Les parcours comme le sien, d’hésitation et de retrait temporaire de la vie universitaire entre le master et le doctorat, ne sont pas rares parmi mes interlocuteurs venus de familles aisées. Ils sont d’autant plus communs que ces réseaux académiques vont de pair avec des réseaux sociaux et familiaux bénéficiant d’un grand capital social. Ces réseaux de connaissances garantissent non seulement la possibilité de reprendre une trajectoire professionnelle à tout moment, mais aussi les conditions pécuniaires et émotionnelles pour le libre exercice du doute. À cet égard, je voudrais juste souligner deux aspects de la déclaration de mon interlocutrice : premièrement, aussi controversée qu’elle puisse paraître, l’idée que les jeunes chercheurs sont comme des chasseurs à faire feu de tout bois est loin d’être à contre-courant du discours dominant ; deuxièmement, cette représentation apparaît comme une image en miroir de la trajectoire qui est la sienne. Ce qui m’intéresse ici est précisément le fait qu’Indira exprime une idée très répandue sur la construction de réseaux aujourd’hui – à savoir : une affaire de « débrouillards » [hustlers] –, à travers un prisme qui n’est pas le même que celui qu’elle emploie pour traiter de sa propre trajectoire, interprétée plutôt par à travers le prisme de la recherche de la satisfaction et d’une certaine aisance sustentée par la certitude qu’un certain nombre de choix lui seront toujours ouverts.

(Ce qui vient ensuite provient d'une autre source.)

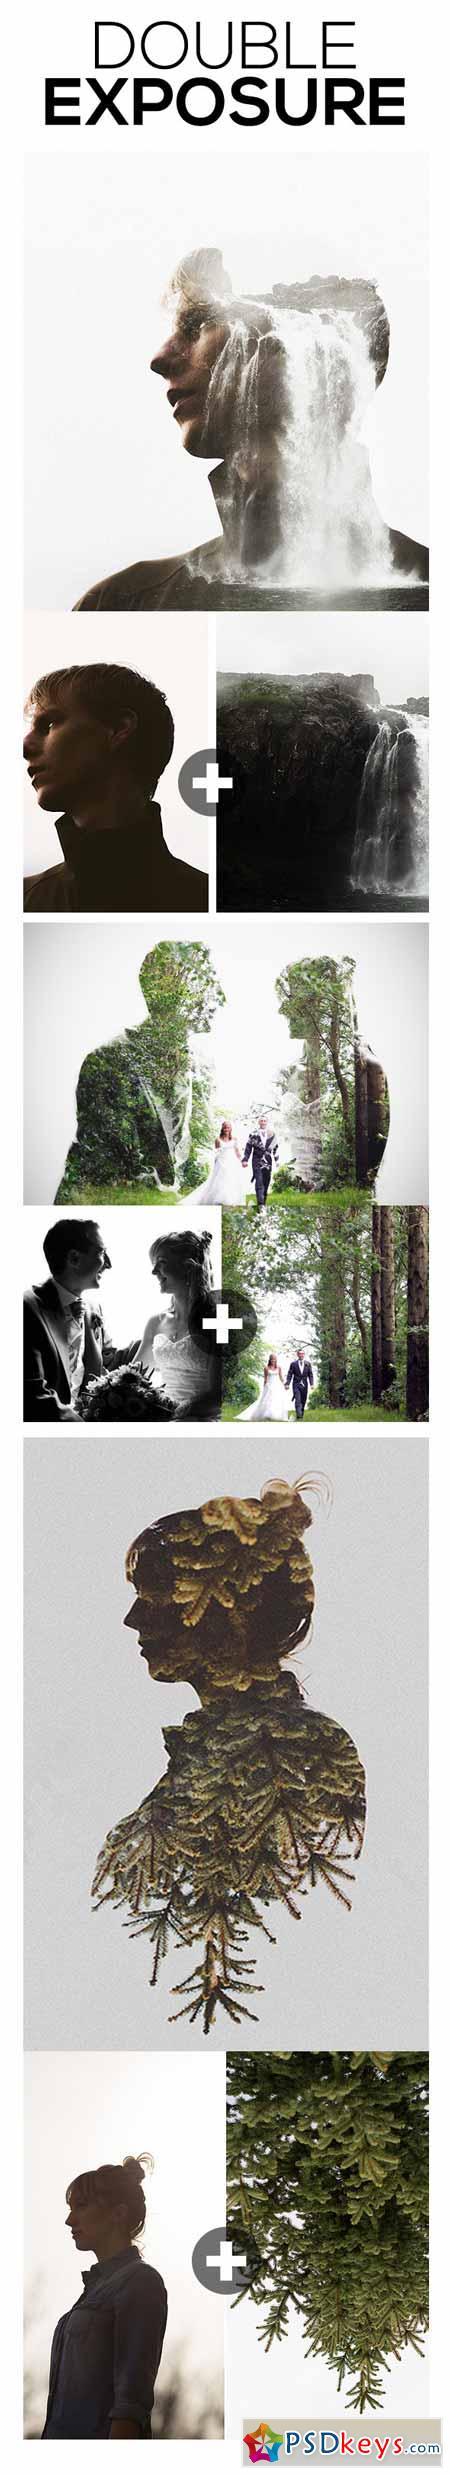 Double Exposure Photoshop Action 11617764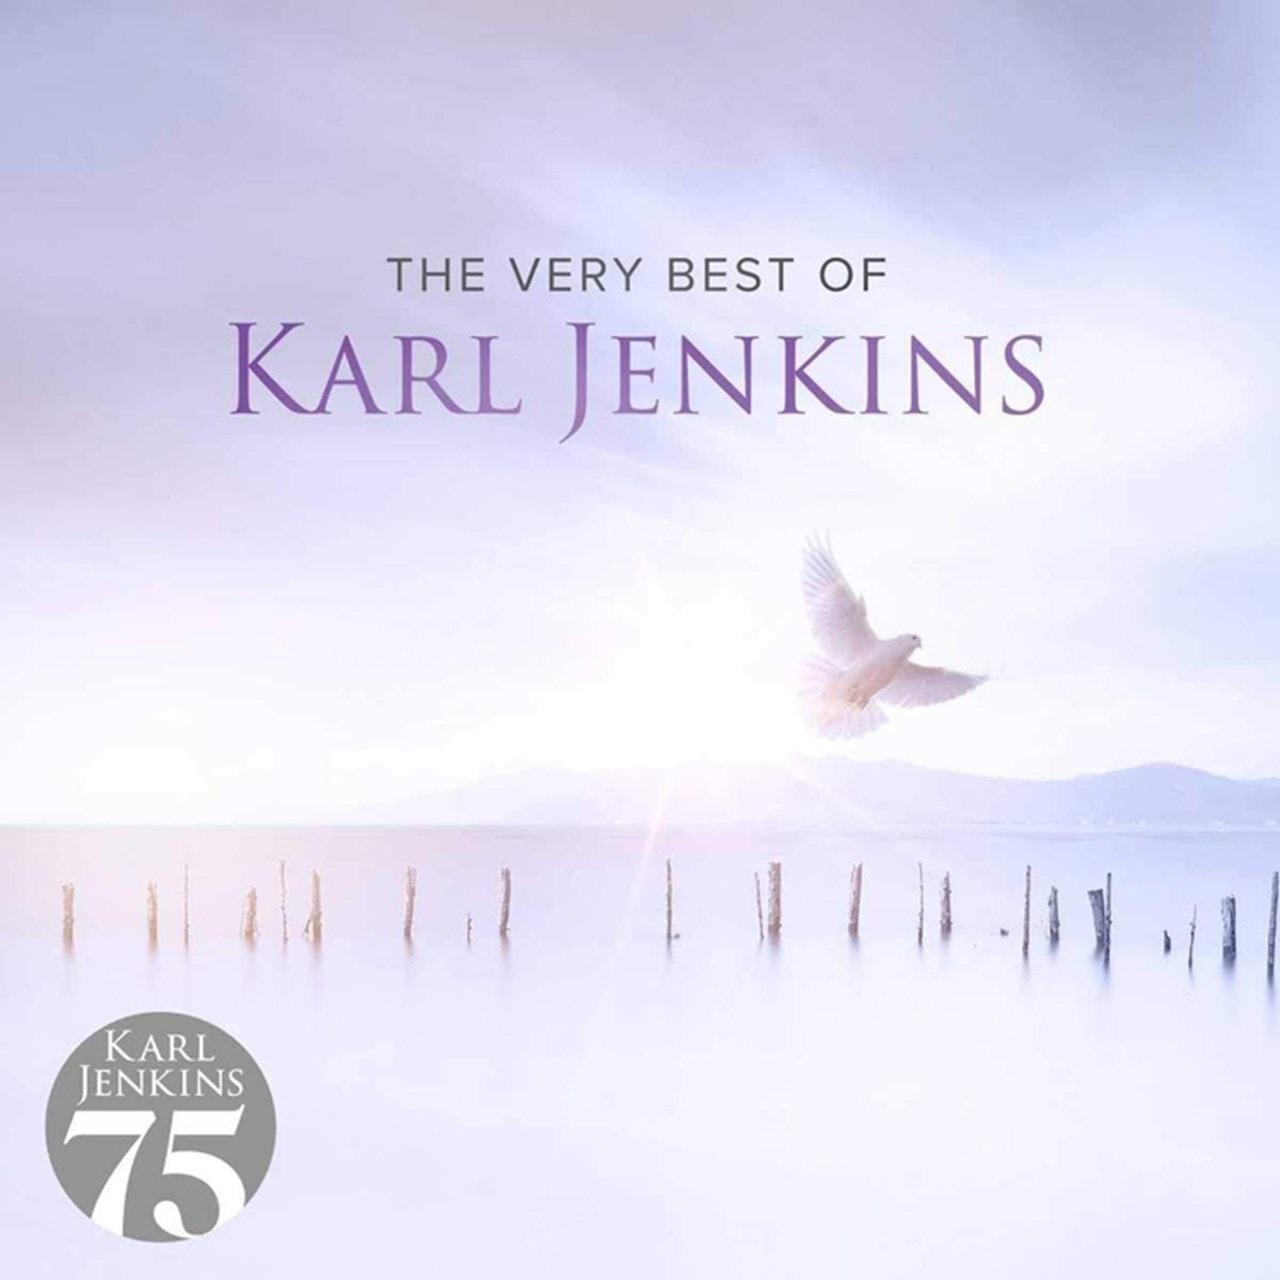 The Very Best of Karl Jenkins - 1

Certes, le cas d’Indira, qui appartient à une famille particulièrement influente et fortunée, peut paraître exceptionnel, surtout en ce qui concerne la manière dont sa biographie

est marquée par un accès extrêmement facilité à des réseaux prestigieux qui lui assuraient les conditions matérielles et symboliques nécessaires à la réalisation de ses projets. Cependant, comme je le montrerai plus loin dans ce chapitre, l’aisance et la certitude de la réussite sont des sentiments partagés parmi un grand nombre de mes interlocuteurs, très souvent intégrés dans des réseaux sociaux plus ou moins étendus grâce aux liens familiaux résultant d’une diversité d’activités professionnelles existantes à l’intérieur d’une même famille (bureaucratie, armée, secteur privé, finances, recherche etc.). Ce sont d’ailleurs ces connexions qui permettent aussi que ces périodes de congé entre master et doctorat soient occupées par un travail dans des institutions ou des métiers différents mais toujours bien placés. C’est le cas pour Indira, mais aussi pour nombre de mes interlocuteurs qui ont travaillé chez des maisons d’éditions ou des institutions internationales sur des projets de développement, par exemple. Cela dit, si la trajectoire d’Indira fait émerger des éléments qui nous parlent de manière plus directe de ses privilèges de classe, son affirmation fait ressortir aussi des transformations d’ordre historique mobilisant plusieurs dimensions de la vie sociale, dans une époque où non seulement les stratégies de construction et mobilisation de réseaux changent, mais aussi où les ficelles du métier académique se transforment plus largement. Ces transformations ont elles aussi trait aux questions de classe, comme je le montre dans ce chapitre. En ce sens, Indira est un cas représentatif de la trajectoire de la majorité de mes interlocuteurs qui possèdent les capitaux sociaux et culturels jouant un rôle majeur dans la construction d’une carrière académique.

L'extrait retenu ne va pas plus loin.